Binomial Distribution

I have a question and im stuck have been asked to find the probability of losing at least once and exactly once I'll post my question with my answers down below
Appreciate any help

OP

6iii)

Original post by A0W0N

6iii)

At least once means

X \geq 1

.

Exactly once means

X=1

.

So for part (iii) you seek

P(X \geq 1)

... which can either be done by computing

P(X=1) + \ldots + P(X=6)

, or taking the shortcut by considering the fact that all

P(0 \leq X \leq 6) = 1

.

Reply 3

A0W0N

OP

9

Original post by RDKGames

At least once means

X \geq 1

.

Exactly once means

X=1

.

So for part (iii) you seek

P(X \geq 1)

... which can either be done by computing

P(X=1) + \ldots + P(X=6)

, or taking the shortcut by considering the fact that all

P(0 \leq X \leq 6) = 1

.

Can you explain the short method i dont understand how to work out x from that

Original post by A0W0N

Can you explain the short method i dont understand how to work out x from that

You're not supposed to 'work out X' it's a random variable which takes on values 0,1,...,6 and since it's binomially distributed you are able to compute the probabilities of it taking on any of these values.

You can easily work out what each of

P(X=1), \ldots, P(X=6)

are and just add them up for

P(X \geq 1)

.

The reason I say there is a shortcut is because all probabilities add up to 1:

P(X=0) + P(X=1) + \ldots + P(X=6) = 1

and this is equivalent to

P(X=0) + P(X \geq 1) = 1

So just rearrange to get

P(X \geq 1) = 1-P(X=0)

Reply 5

A0W0N

OP

9

Original post by RDKGames

You're not supposed to 'work out X' it's a random variable which takes on values 0,1,...,6 and since it's binomially distributed you are able to compute the probabilities of it taking on any of these values.

You can easily work out what each of

P(X=1), \ldots, P(X=6)

are and just add them up for

P(X \geq 1)

.

The reason I say there is a shortcut is because all probabilities add up to 1:

P(X=0) + P(X=1) + \ldots + P(X=6) = 1

and this is equivalent to

P(X=0) + P(X \geq 1) = 1

So just rearrange to get

P(X \geq 1) = 1-P(X=0)

thankyou sooo much it just clicked i understand it now

Reply 6

A0W0N

OP

9

I have another question this is to do woth significance level, i just dont know which values to assign n and p to ill attach my working and the question

2ii)

im not sure if ive done the the X~B part right so i stopped

Original post by A0W0N

I have another question this is to do woth significance level, i just dont know which values to assign n and p to ill attach my working and the question

2ii)

im not sure if ive done the the X~B part right so i stopped

This is fine so far.

Under

H_0

we have that the number of times he rolls a 1 can be modelled by a random variable

X \sim B(12,\frac{1}{6})

.

The p-value is just going to represent the probability of rolling a ONE exactly 5 times out of 12. I.e.
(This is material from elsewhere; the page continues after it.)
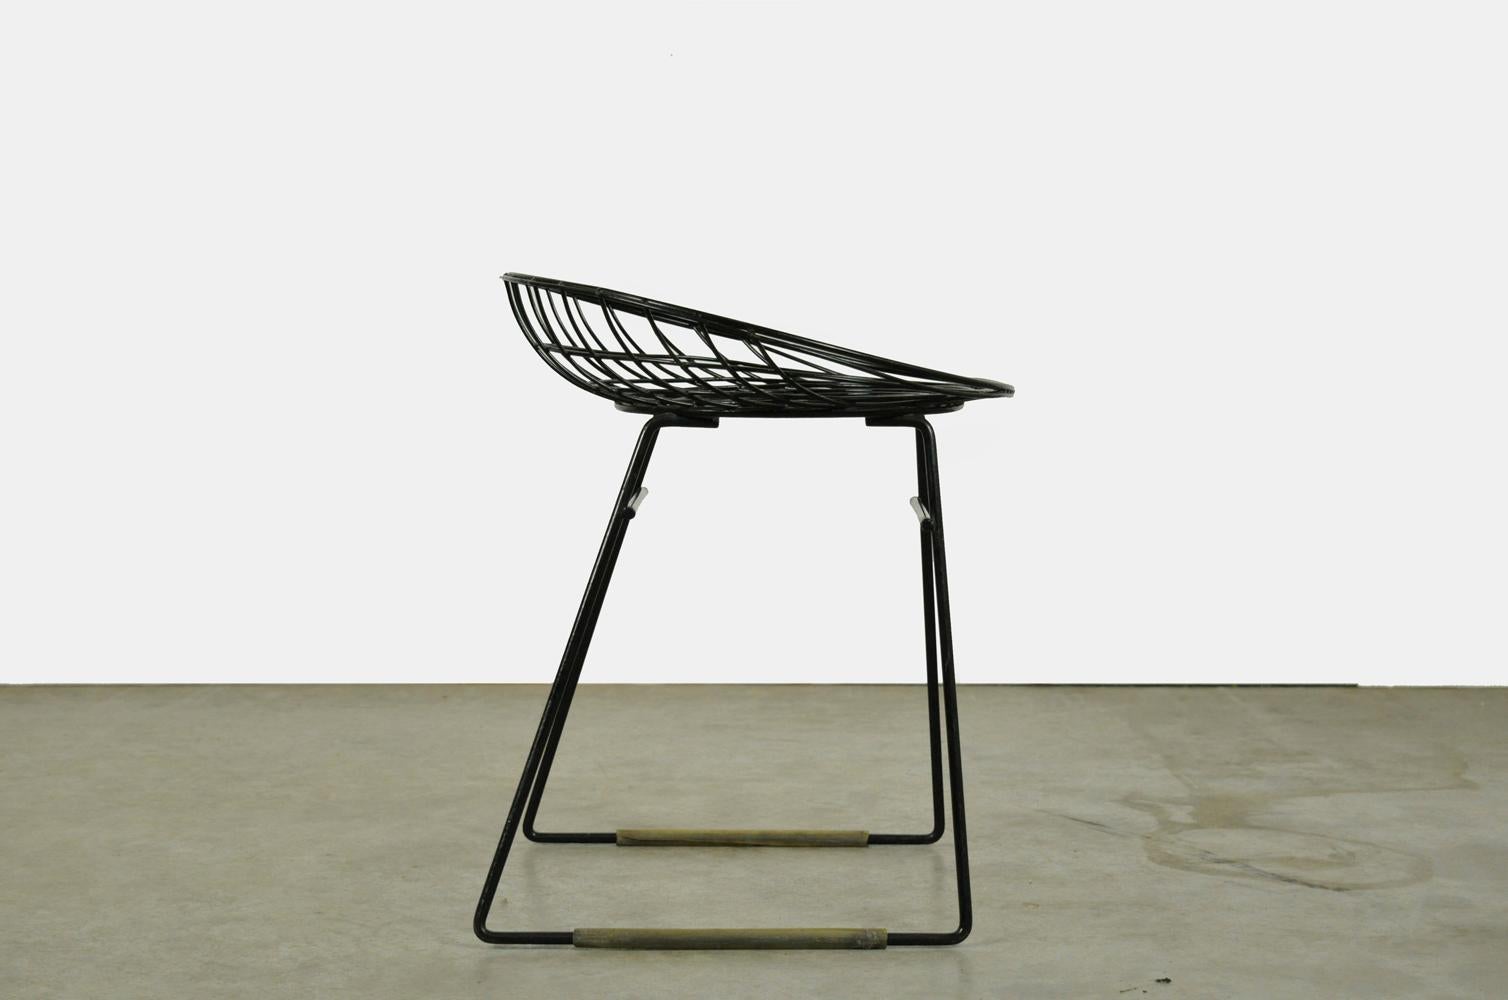 Metal wire stool KM05 designed by Cees Braakman and Adriaan Dekker for Pastoe, 1950s. The metal wires have a black plastic coating. The wire stool was designed in collaboration with Tomado in the 1950s. Original version with lower seat height. Two

P(X=5)

Then for the last part you need to compare this to the significance level in order to say what the conclusion should be.

Reply 8

A0W0N

OP

9

Im sorry to keep asking but i dont know what i should set H(null) and H(one) to for this question and even if i did which year i would choose

6i)

There is my working although i think it is completely wrong

Original post by A0W0N

Im sorry to keep asking but i dont know what i should set H(null) and H(one) to for this question and even if i did which year i would choose

6i)

There is my working although i think it is completely wrong

You misunderstand the context.

The usual evidence over the history of the school shows that 2 out of 3 pupils achieve grades A-C. Since this is the accepted claim, it constitutes the null hypothesis.

Then a new tutor team steps in before a new academic year. The head of 6th form claims that this new tutor team will have an impact on the results. So we could get more pupils getting A-C grades, or less pupils. This constitutes a two-tailed alternate hypothesis.

After the year, it turns out that 16 out of 20 pupils got A-C grades. This is your sample and test statistic.

The head of maths says that this is an improvement due to a new teacher. An improvement claim means greater proportion of pupils getting A-C grades. Hence this implies an upper-tail test.

In your working out you should clearly define

p

to be the proportion of students achieving A-C grades, and define X to be your random variable distributed binomially which represents the number of students that obtain A-C grade.